Once you're done with drawing, you can UnlockBits and viola you have the new image.
I have a simple scene with 64 ModelUIElement3D elements, every element3d Model is a model group with 8 simple geometries, every geometry contains 3 materials, diffuse, specular and emissive.
All materials use Solid Brushes since are the fastest.
The geometries, specular material and diffuse material are Freeze to improve performance.
The only thing not freeze are the emissive materials which I’ll be updating the brush with solid brushes periodically.
When I run the application and change the brush for only one emissive material from the 1536 materials in the screen (64*8*3) the performance goes down really really bad, and the FPS go down from 60 to 15FPS.
Even I have the solid brushes in a dictionary so they are cached and created once.
This change in the brush is to make the material “blink” (really it is a fast fade-in/fade-out) in the screen. The brush change in the emissive material is every 20ms.
I see changing the brush for one material or 500 materials doesn’t make any the difference in the performance.
I comment the line where I update the brush and I get a consistent 60FPS, when I uncomment the line the FPS goes down to +/-15FPS, tried 3 different machines, 4 cores/2 Cores, very good graphic cards or medium, almost doesn't make a difference, always between 15-25 FPS.

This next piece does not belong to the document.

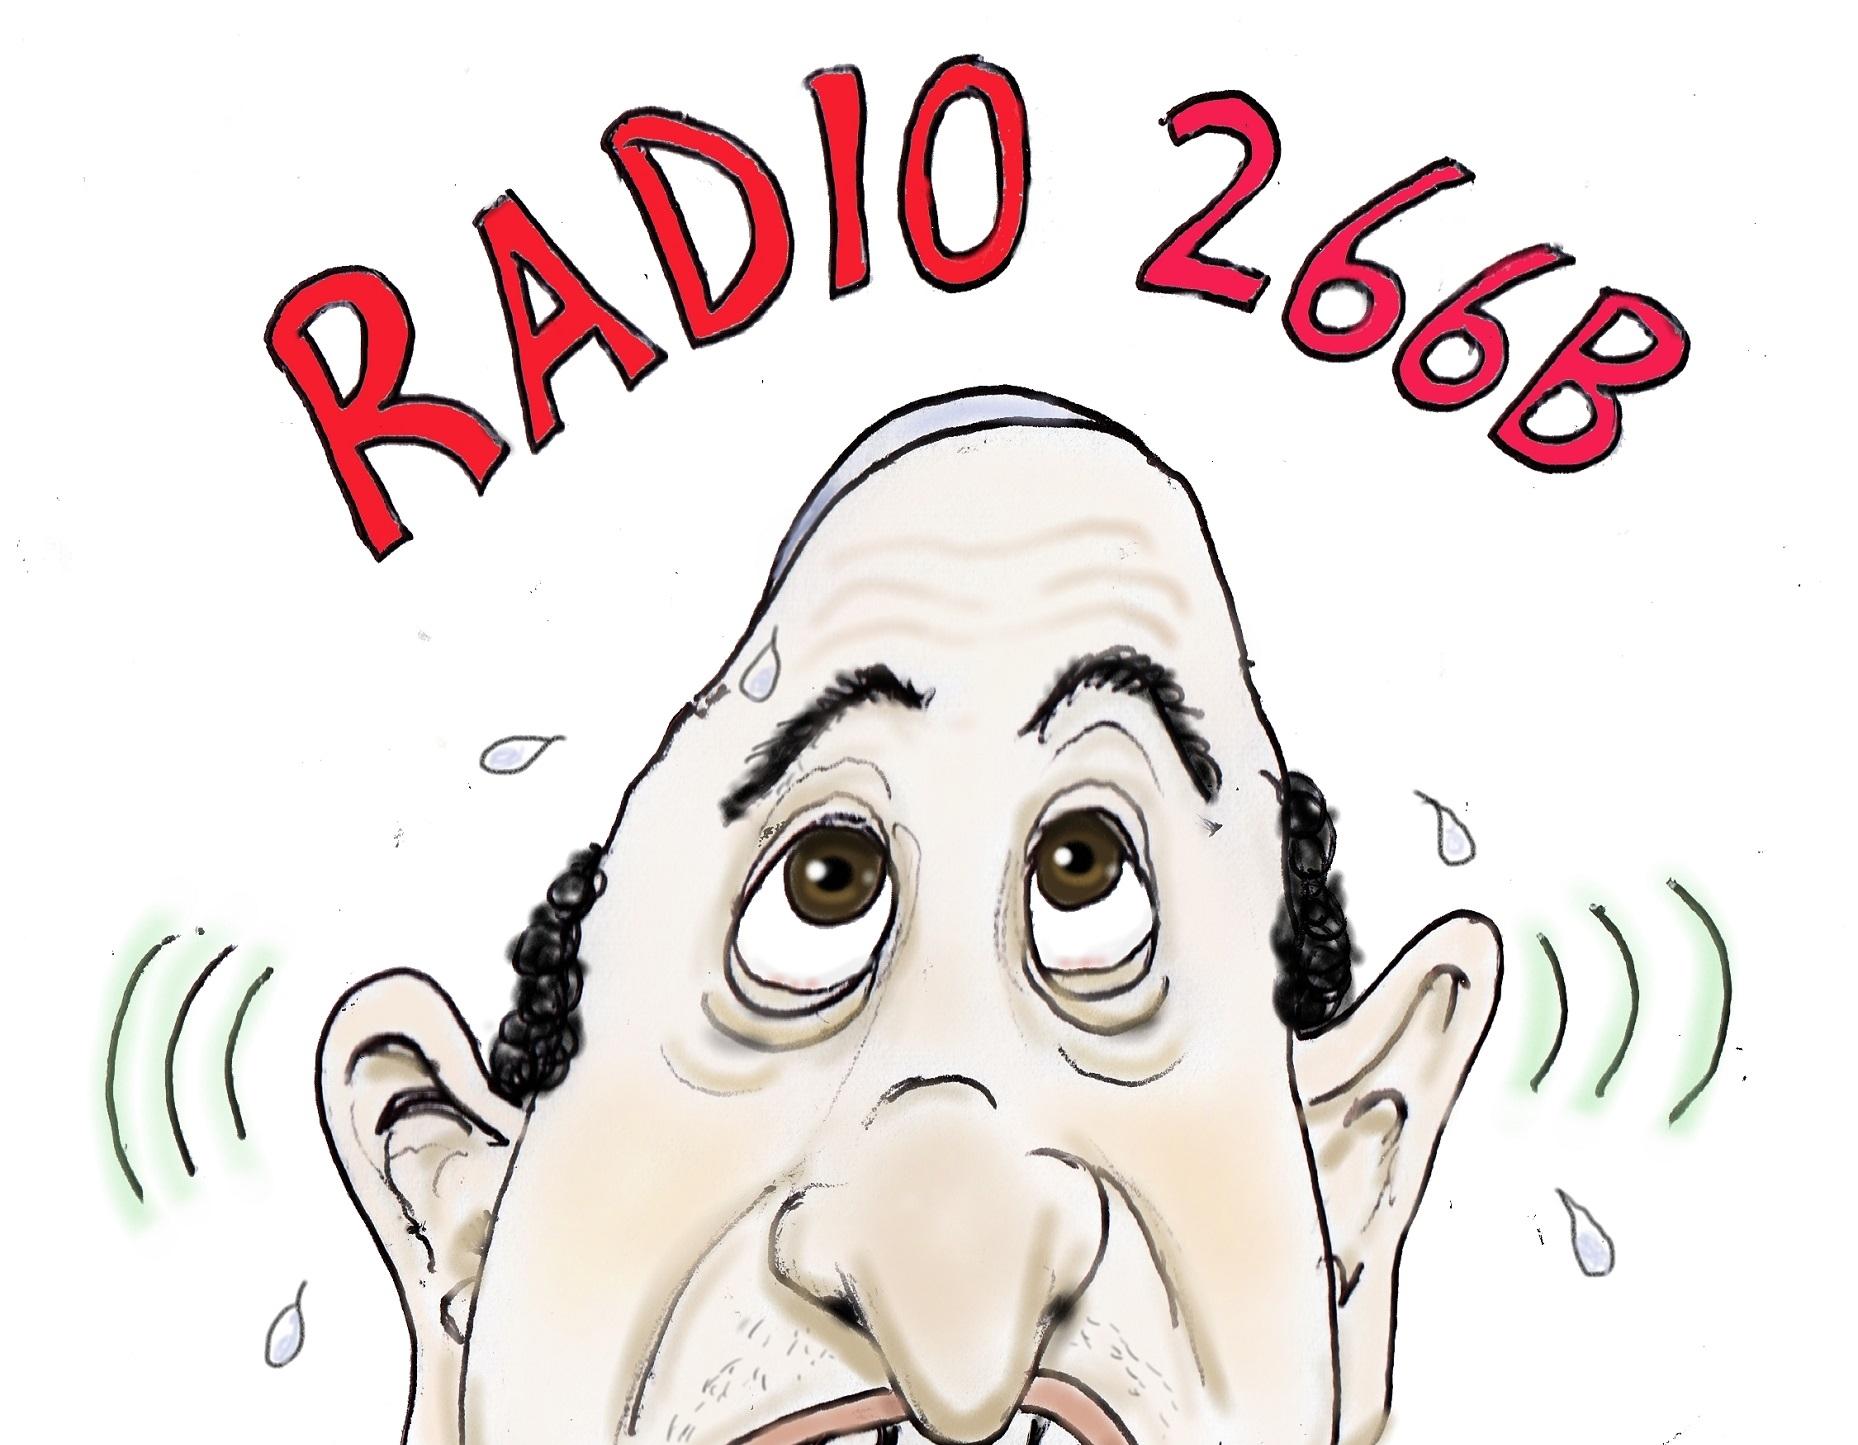 Radio 266b show art
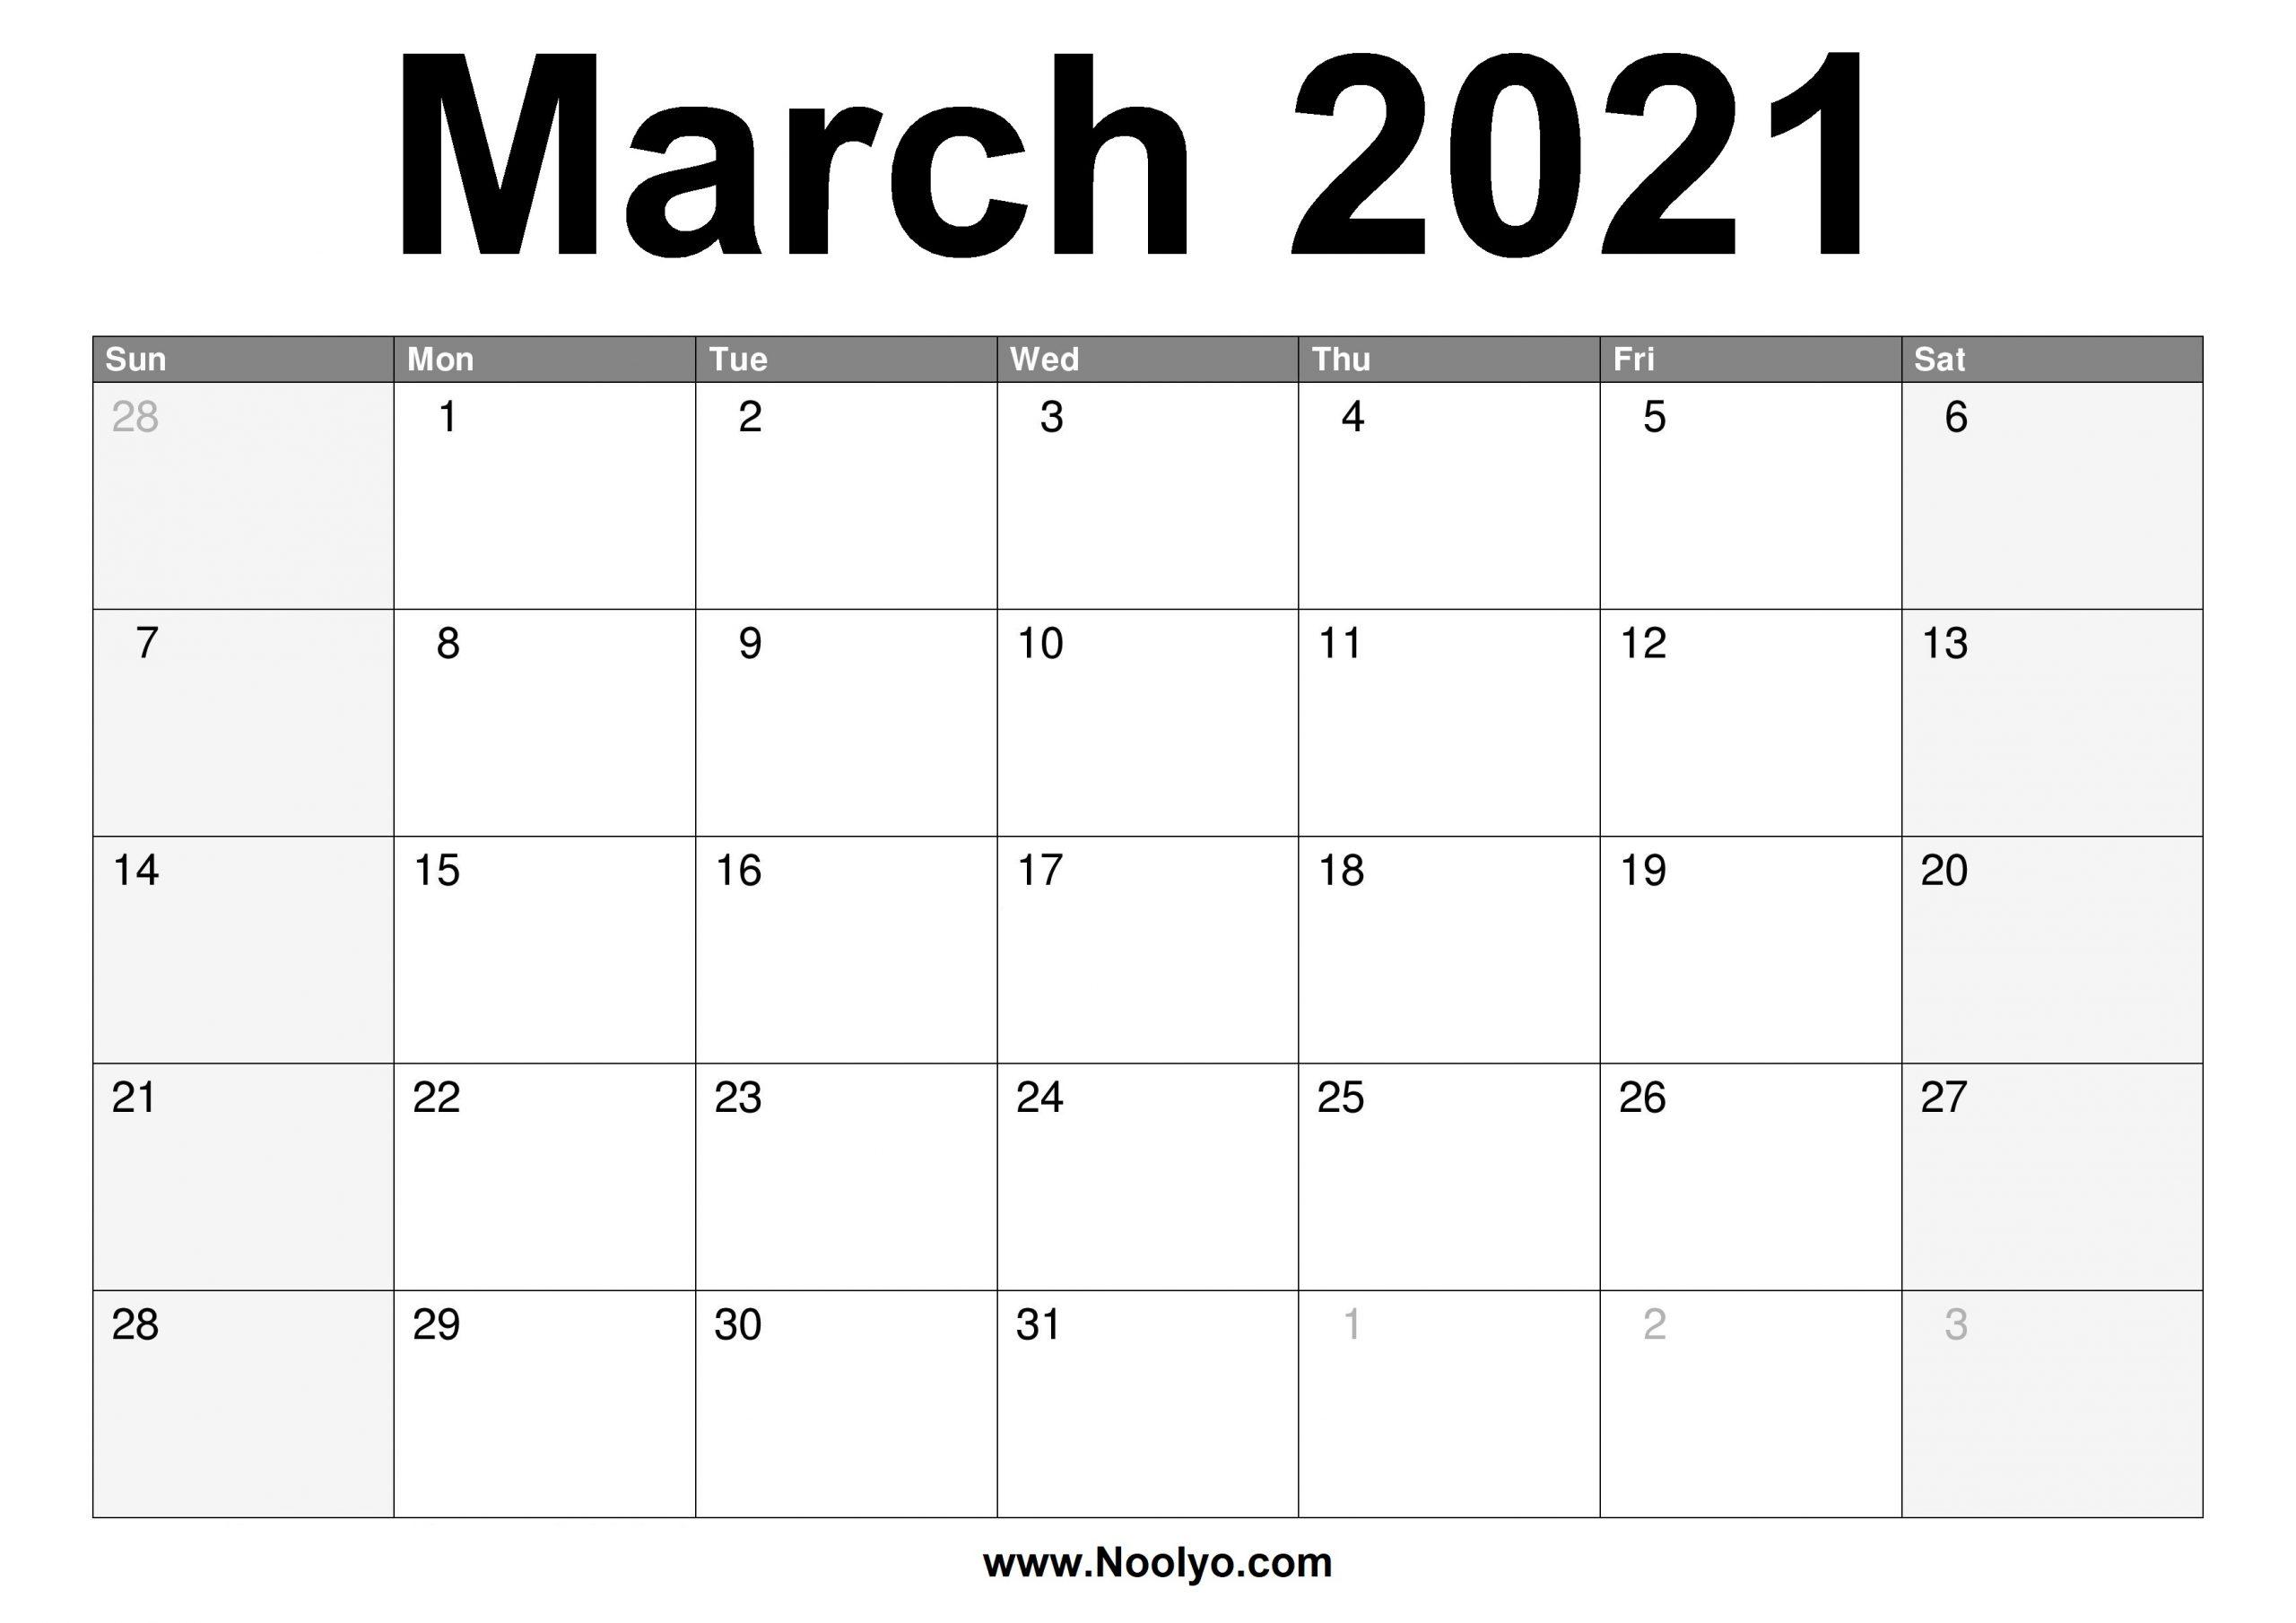 Print March Calendar 2021 | Printable March For Wiki January 2022 Calendar

I’m using “Performance Profiling Tool for Windows Presentation Foundation” to measure the performance, and HW IRTs per frame doesn’t go above 1 at any moment. I see when I check the checkbox “dirty-region update” that the whole scene is render every 20ms just changing the brush for one small material.
I read that WPF viewport3d doesn’t support dirty region, so I’m assuming that the whole scene is render for a minimum change.
If that is the case, is there something I can do to improve that? Since I need to create an static scene with several thousand UIElements and 10 thousands materials, but the changes are going to be so minimal so I was expecting a good performance.
If the WHOLE scene is rendered every time without chance to do anything then it is useless think on WPF to create dynamic content and I have to go for another much more complex approach as DirectX.
Please any hint how to make this work is appreciated, since I can't believe it is not possible with WPF and is some mistake on my part.
Basically I need a big scene with minimal changes, those changes happen frequently in the order of 5 to 20ms and still get the 60FPS since there are few triangles material that really change.
Thanks,
Gustavo.
I cannot give a direct solution to your question. But here's some clue:
1536 materials seems too much for the simple business charting oriented WPF 3D. It is even necessary to carefully optimize if you used low-level API like Direct3D, because down into the graphics driver architecture it will hit the batching bottle-neck, especially for DirectX 9 level driver interface.
To get best performance, the only solution is to optimize case by case with low-level graphics API, with the knowledge of graphics hardware quirks. But for a high-level general purpose 3D API, it is simply not realistic to optimize for every case. It has make some assumption, e.g. the common usage should be navigating a static scene. So that it can optimize and cache the optimized command queue to get best performance. But if the scene is changed, the cache will be invalidate and thus need to re-build and re-optimize. So it is not the size of the viewport that caused FPS drop, but the optimization.
Usually, there's hinting mechanism, by which you tell it which sub-scene-graph changes while which is static, so that to help the underlying optimization. But it is only a hint. There are many cases which make it not viable to honor the hint. And it is hard to tell the cause because the internals are encapsulated.